Dann begannen sich in Pest Salz- und Getreidelager anzusiedeln, und Handelsniederlassungen konnten sich ausbreiten, da der flache landwirtschaftlich wertlose Sandboden billig war. Andererseits gab es reiche Wasservorkommen, eine wichtige Siedlungsvoraussetzung sowie Lehmvorkommen für das Brennen von Ziegeln. Der Kalksteinfels wiederum eignete sich für die Anlage von Höhlen und damit für Weinkeller und Braustätten. Im 19. Jahrhundert besaß Budapest bereits Hafenanlagen von über vier km Länge. Ab 1840 hatte man begonnen, die seit der Römerzeit erste ständige Brücke unterhalb von Wien zu bauen, denn vordem hatten sich die Budapester aufgrund der ungeregelten Wasserführung und des winterlichen Eisgangs der Donau mit Sommerbrücken begnügen müssen. 1849 stellte der englische Ingenieur William Thierny Clark die Holz-Eisen-Stein-Konstruktion der Szechenyi-Kettenbrücke fertig, eine Hängebrücke von 666 Meter Spannweite an zwei Pylonen.

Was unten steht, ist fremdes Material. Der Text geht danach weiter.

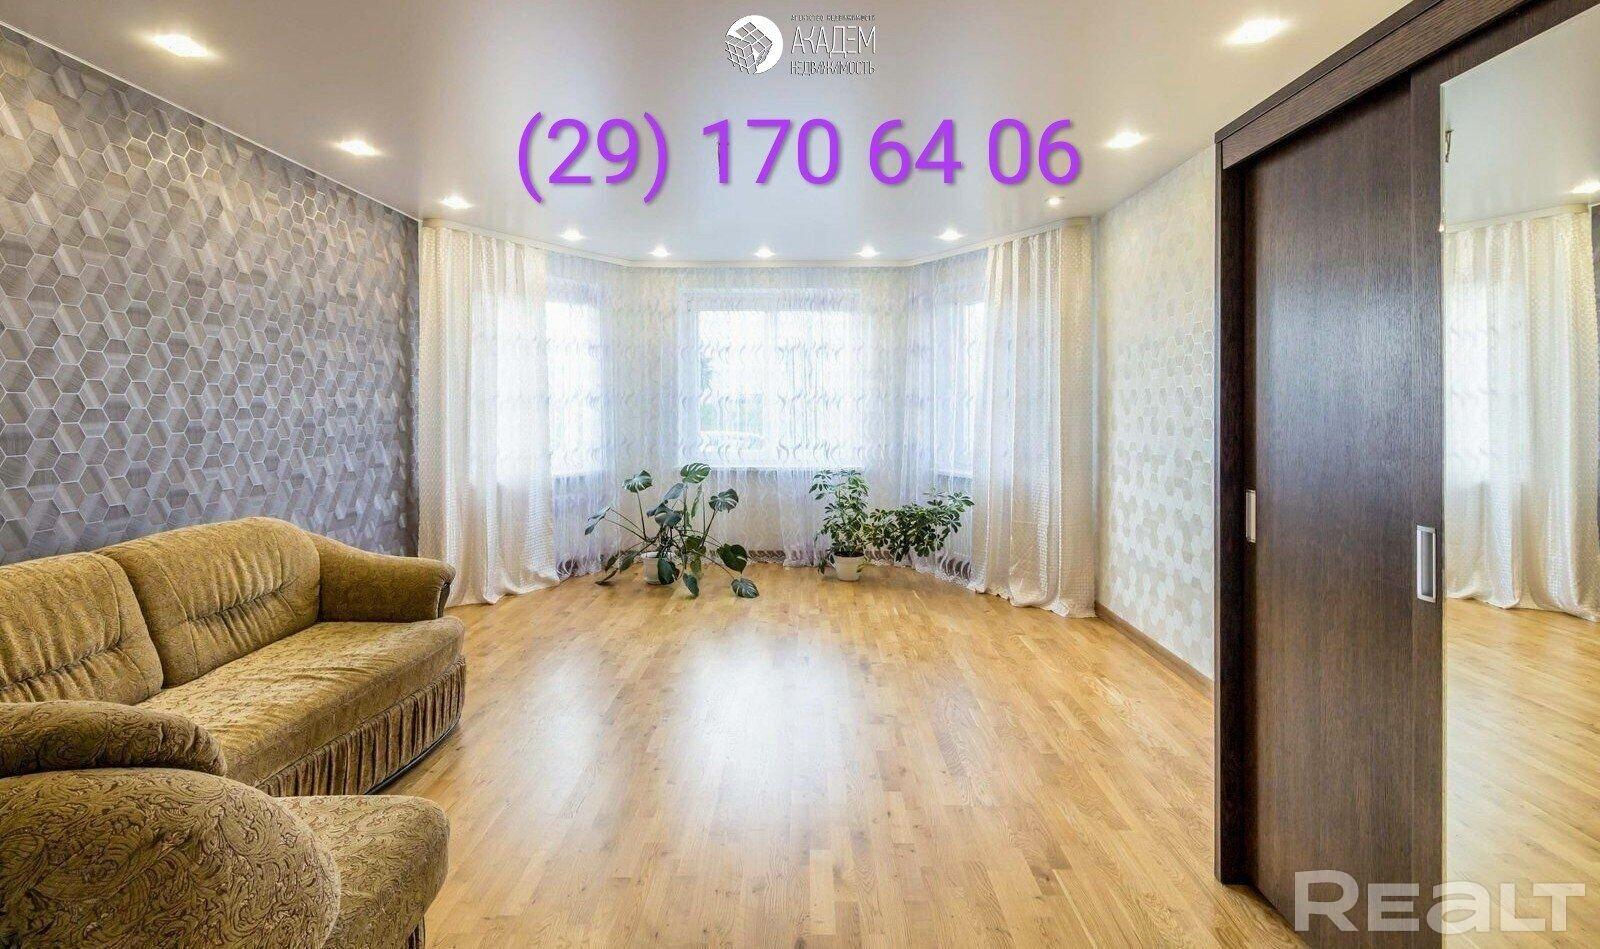 Продажа 3-х комнатной квартиры в г. Минске, ул. Тышкевичей, дом 9 (р-н Михалово). Цена 266 178 руб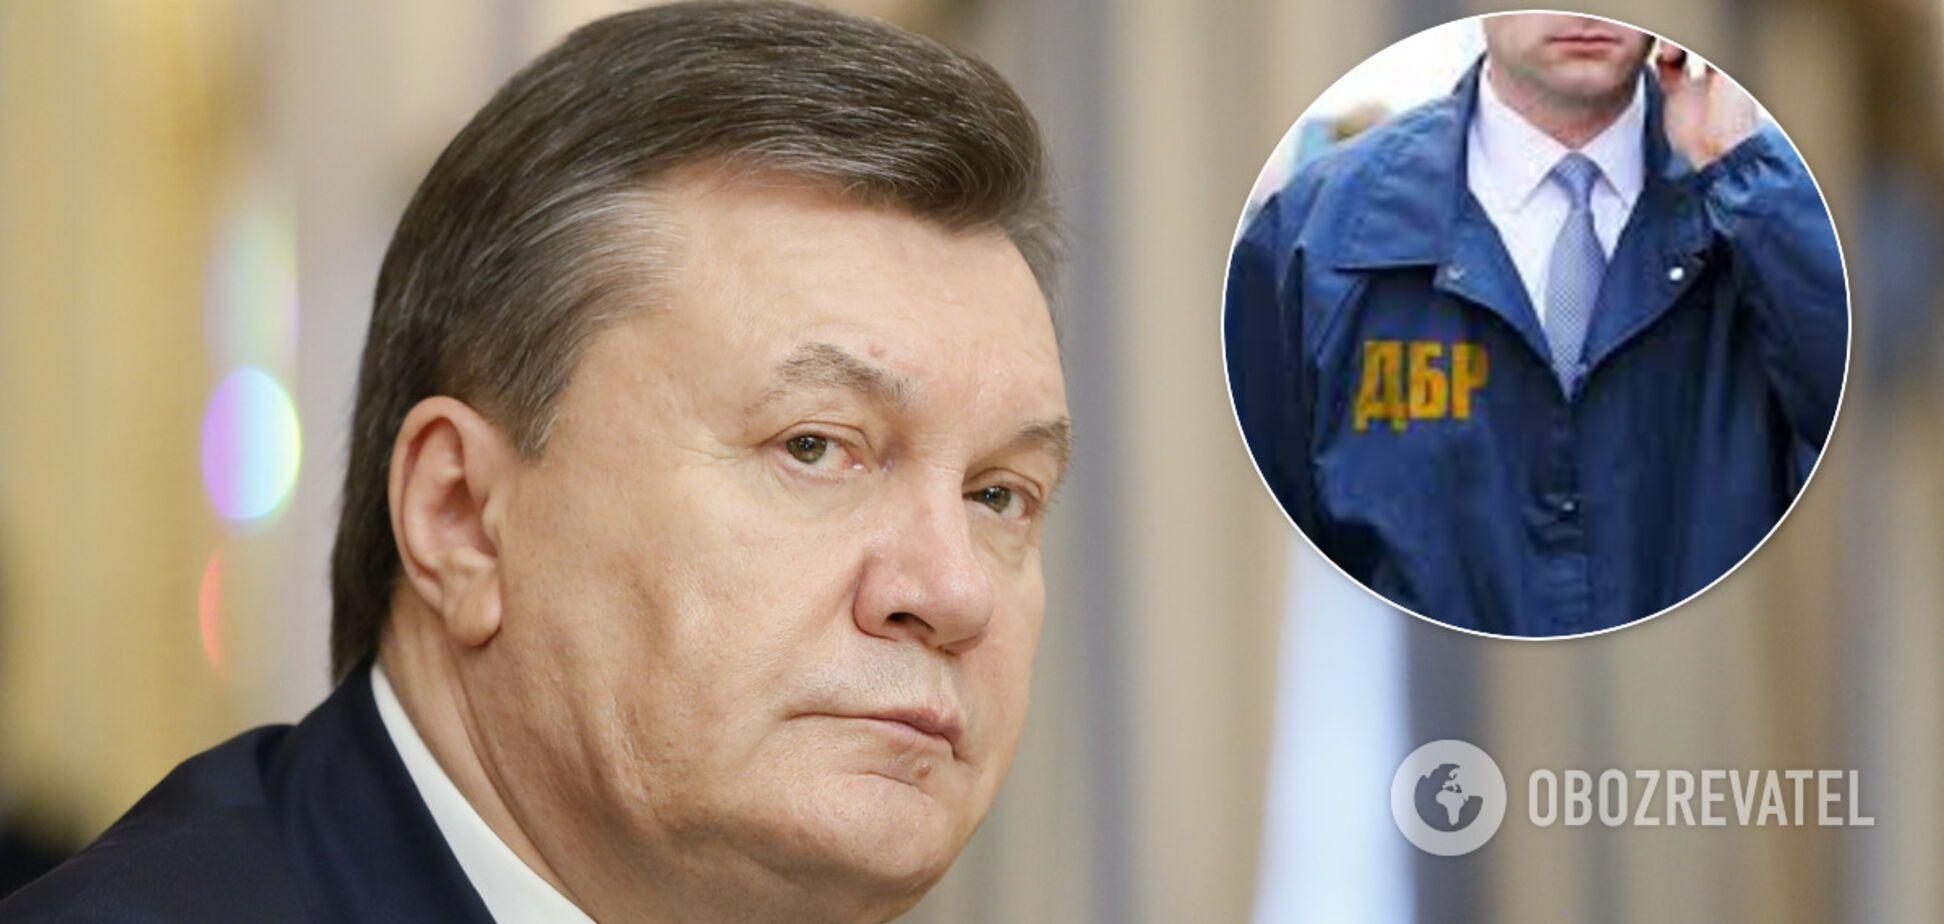 Адвокати Януковича назвали брехнею інформацію про підозру їхньому клієнту

Ein letzter Blick auf die Donau und ihre Brücken, der sich Novi Sad, der Hauptstadt der Woiwodina, zuwendet, ist weniger erfreulich. Ausgerechnet diese alte Donaustadt mit dem einstigen Übernamen "serbisches Athen", die auch unter Milosevic stets regierungskritisch war, wurde durch den Jugoslawien-Krieg und das NATO-Bombardement zu einem negativen Wahrzeichen, denn ihre drei wichtigen Donaubrücken wurden zerstört und ihre Trümmer bringen den Schiffahrtsverkehr seit Jahren zum Erliegen.